Although the current study was based on a moderate size of samples (n = 12) and gene targets (n = 4), we performed gene expression analysis for each sample and each of the 4 gene targets without pre-amplification as well as after 10 × pre-amplification and 14 × pre-amplification (total of 3 measurements per sample and gene) in order to show linearity and, thus, an unbiased pre-amplification. This comes up to a total of 144 measurements, respectively 96 comparisons. Regarding the independently performed pre-amplification reactions and following qRT-PCRs, a total of 24 reactions (12 samples, 10 × and 14 ×) were performed for each gene (supplemental Table 1). In our opinion, a total number of 24 pre-amplification comparisons per gene (regardless technical replicates) is sufficient for the generation of our hypothesis, which is underlined by the statistics employed (e.g. Fig. 4). By taking these exemplary genes and checking the linearity individually, we are able to show different patterns of disagreement described above: false positives and false negatives.

Due to the moderate sample size we judge our study more as a “proof of concept” study where we explore the potential of mRNAs in human whole saliva. Nevertheless, even increasing the sample size will not alter the three newly introduced modifications which are: (1) Selective cDNA synthesis of mRNA species of human origin, (2) pre-amplification before qRT-PCR and (3) check uniformity of pre-amplification. These are prerequisites for successful future efforts with respect to processing human RNA for biomarker studies, we believe.

For example, 18S rRNA is not synthesized to cDNA when using the SuperScript III First-Strand Synthesis System, because 18S rRNA -transcripts lack a poly(A)+-tail. That’s why 18S rRNA, as a commonly known housekeeping gene, cannot be used as a normalizer in gene expression analysis in the current application. A new housekeeping gene except for rRNA needs to be detected when working on gene expression analysis in human whole saliva.

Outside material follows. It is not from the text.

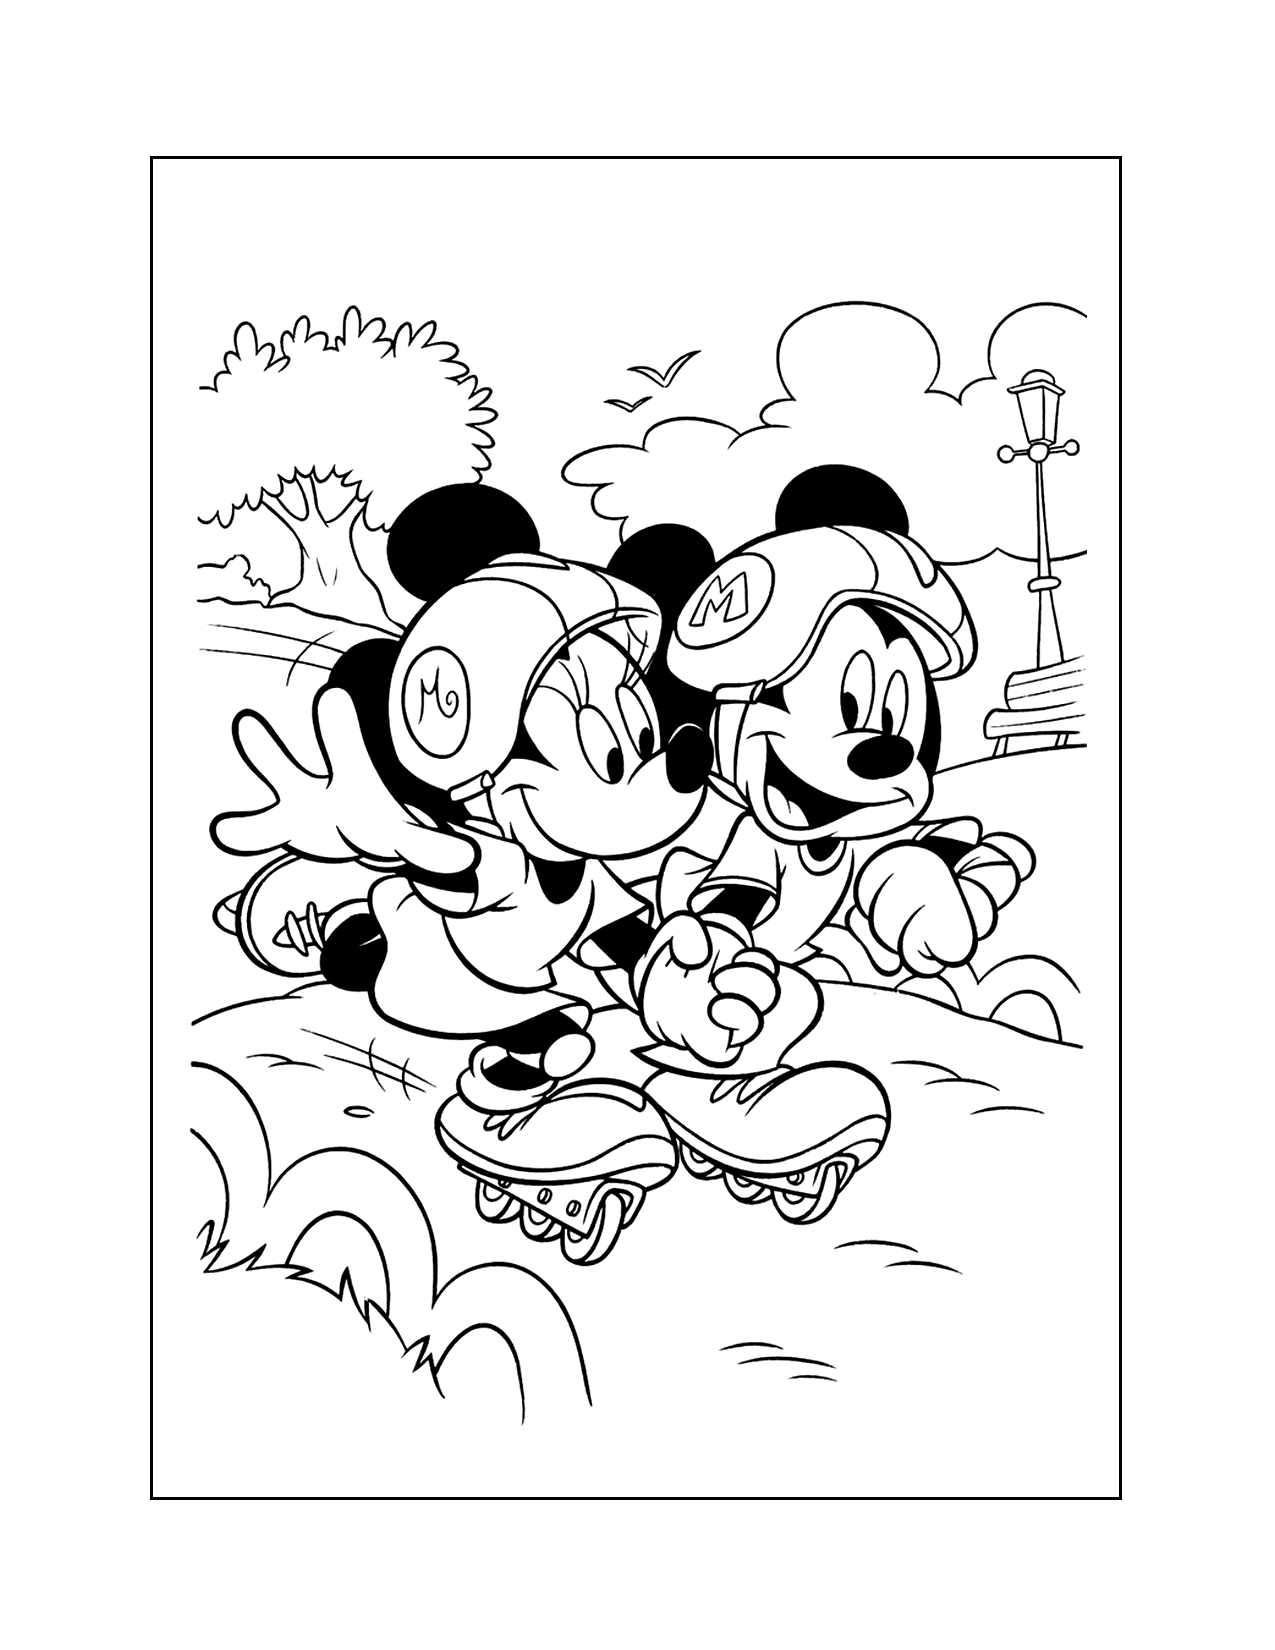 Mickey And Minney Roller Blading Coloring Page

Second, the composition of whole saliva may be influenced by extraneous factors which may limit its use as a biomarker: demographic characteristics (like age, gender, race), social habits (like smoking, alcohol, diet) or oral hygiene are among the factors that can interfere with the composition of saliva at the time of collection19. Further investigations will show if this poses a limitation of its use as a biomarker.

We decided to use whole saliva as a source for RNA biomarkers instead of salivary supernatant due to the numerous advantages described above. Admittedly, a higher background due to a high amount of non-human RNA is a drawback but using whole saliva is much easier than harvesting supernatant and isolating exosomes. Until now, it is not completely clear, whether the oral microbiome alters gene expression patterns in the salivary glands and to what extend this affects the robustness of salivary transcriptomics as a diagnostic tool, e.g. considering gland disorders. Rather, we chose a robust, less elaborate and high through-put approach with high utility for future studies.

In summary, we report a robust modified methodology to process human whole saliva as a non-invasive and easily accessible biofluid for gene expression analysis. These three modifications, described here will be important to overcome the two challenges of an overwhelming bacterial contamination and low abundance of human RNA in the source material for future applications. We suggest that modifications such as ours will render human saliva as a more attractive material for an expanded number of biomarker studies.